We consider the problem of estimating a scalar target parameter in the presence of nuisance parameters. Replacing the unknown nuisance parameter with a nonparametric estimator, e.g.,a machine learning (ML) model, is convenient but has shown to be inefficient due to large biases. Modern methods, such as the targeted minimum loss-based estimation (TMLE) and double machine learning (DML), achieve optimal performance under flexible assumptions by harnessing ML estimates while mitigating the plug-in bias. To avoid a sub-optimal bias-variance trade-off, these methods perform a debiasing step of the plug-in pre-estimate. Existing debiasing methods require the influence function of the target parameter as input. However, deriving the IF requires specialized expertise and thus obstructs the adaptation of these methods by practitioners. We propose a novel way to debias plug-in estimators which (i) is efficient, (ii) does not require the IF to be implemented, (iii) is computationally tractable, and therefore can be readily adapted to new estimation problems and automated without analytic derivations by the user. We build on the TMLE framework and update a plug-in estimate with a regularized likelihood maximization step over a nonparametric model constructed with a reproducing kernel Hilbert space (RKHS), producing an efficient plug-in estimate for any regular target parameter.

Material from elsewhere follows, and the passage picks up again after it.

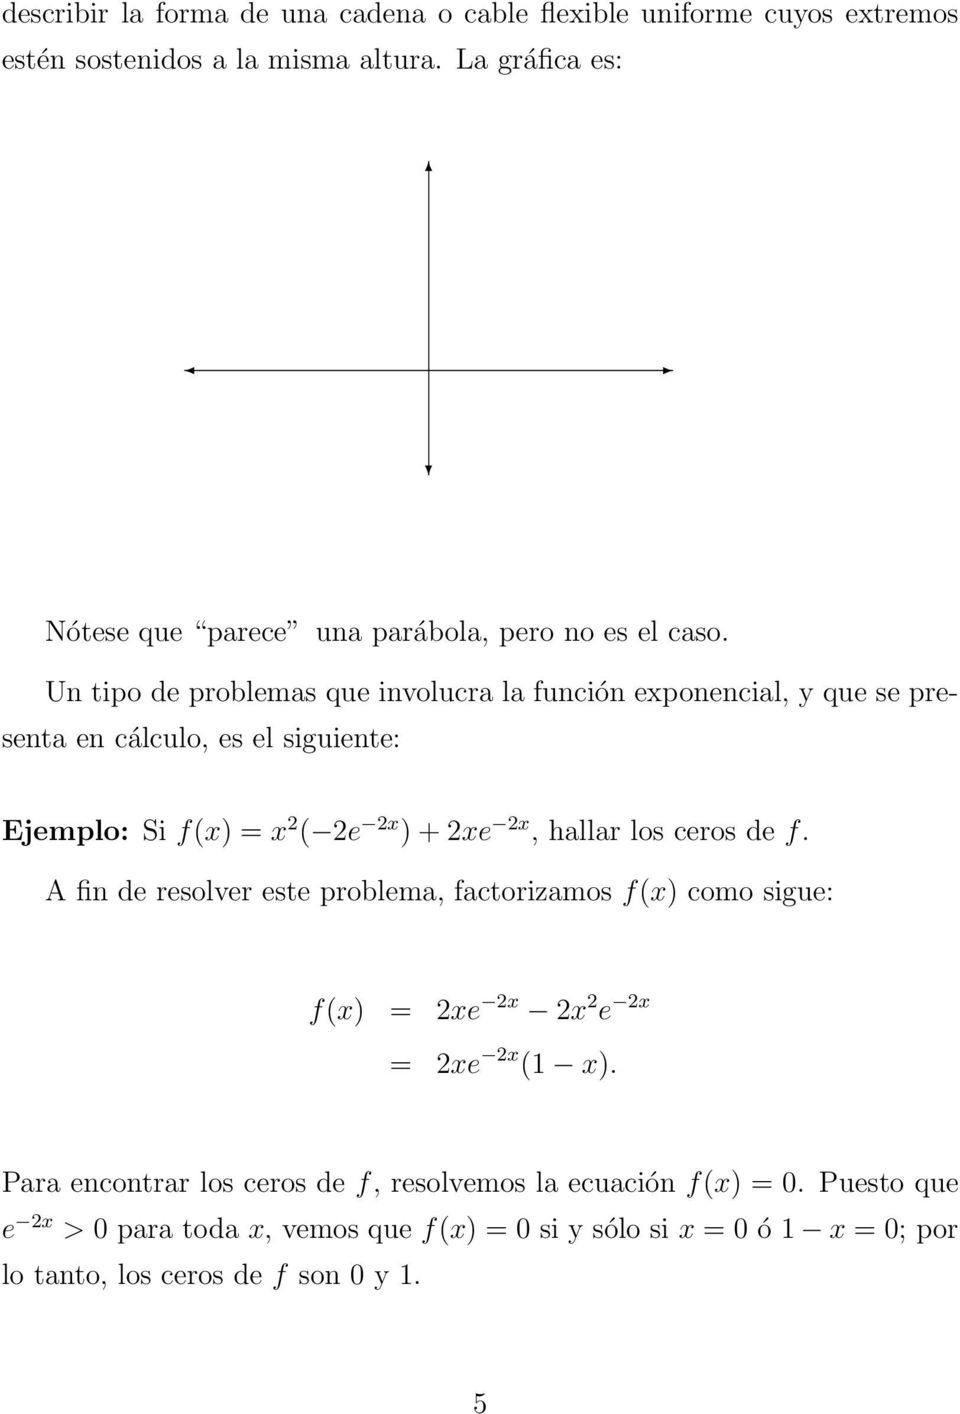 Un tipo de problemas que involucra la función exponencial, y que se presenta en cálculo, es el siguiente: Ejemplo: Si f(x) = x ( e x ) + xe x, hallar los
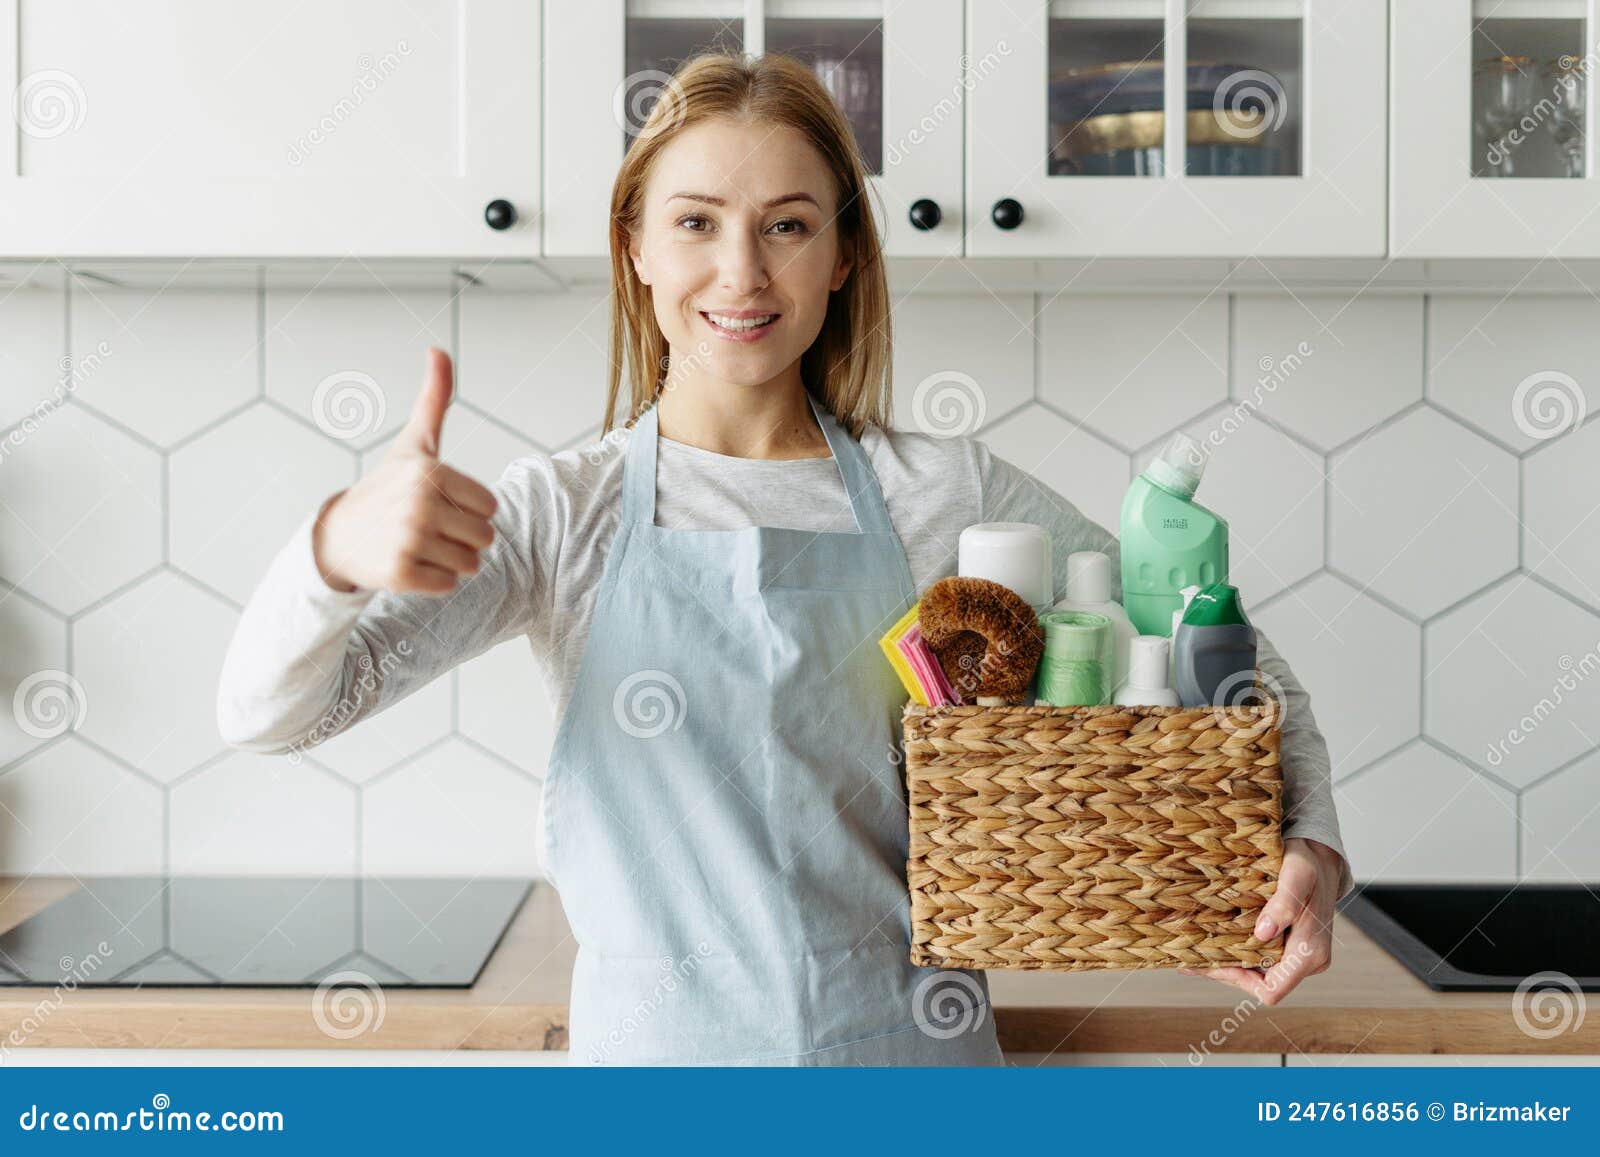 Mulher recomenda produtos de limpeza mostrando polegares para cima. Linda mulher em avental segurando uma caixa com detergentes e trapos prontos para limpar sua casa. trabalhador de serviços de limpeza recomenda produtos químicos domésticos mostrando polegares para cima e sorrindo publicidade ampla

Our method, thus, offers the efficiency of competing debiasing techniques without sacrificing the utility of the plug-in approach.

翻译：我们研究在存在干扰参数的情况下标量目标参数的估计问题。用非参数估计器（例如机器学习模型）替换未知干扰参数虽方便，但因较大偏差而效率低下。现代方法如目标最小损失估计（TMLE）和双机器学习（DML）通过利用机器学习估计同时减轻插件偏差，在灵活假设下实现最优性能。为避免次优的偏差-方差权衡，这些方法对插件预估计执行去偏步骤。现有去偏方法需要目标参数的影响函数作为输入，但推导影响函数需要专门专业知识，阻碍了从业者对这些方法的适应。我们提出一种去偏插件估计器的新方法，该方法：（i）高效；（ii）无需实现影响函数；（iii）计算可处理，因此可轻松适应新估计问题并在无需用户解析推导的情况下实现自动化。我们基于TMLE框架，通过再生核希尔伯特空间构建的非参数模型上执行正则化似然最大化步骤来更新插件估计，为任何正则目标参数生成高效插件估计。因此，我们的方法在提供竞争性去偏技术效率的同时，不牺牲插件方法的实用性。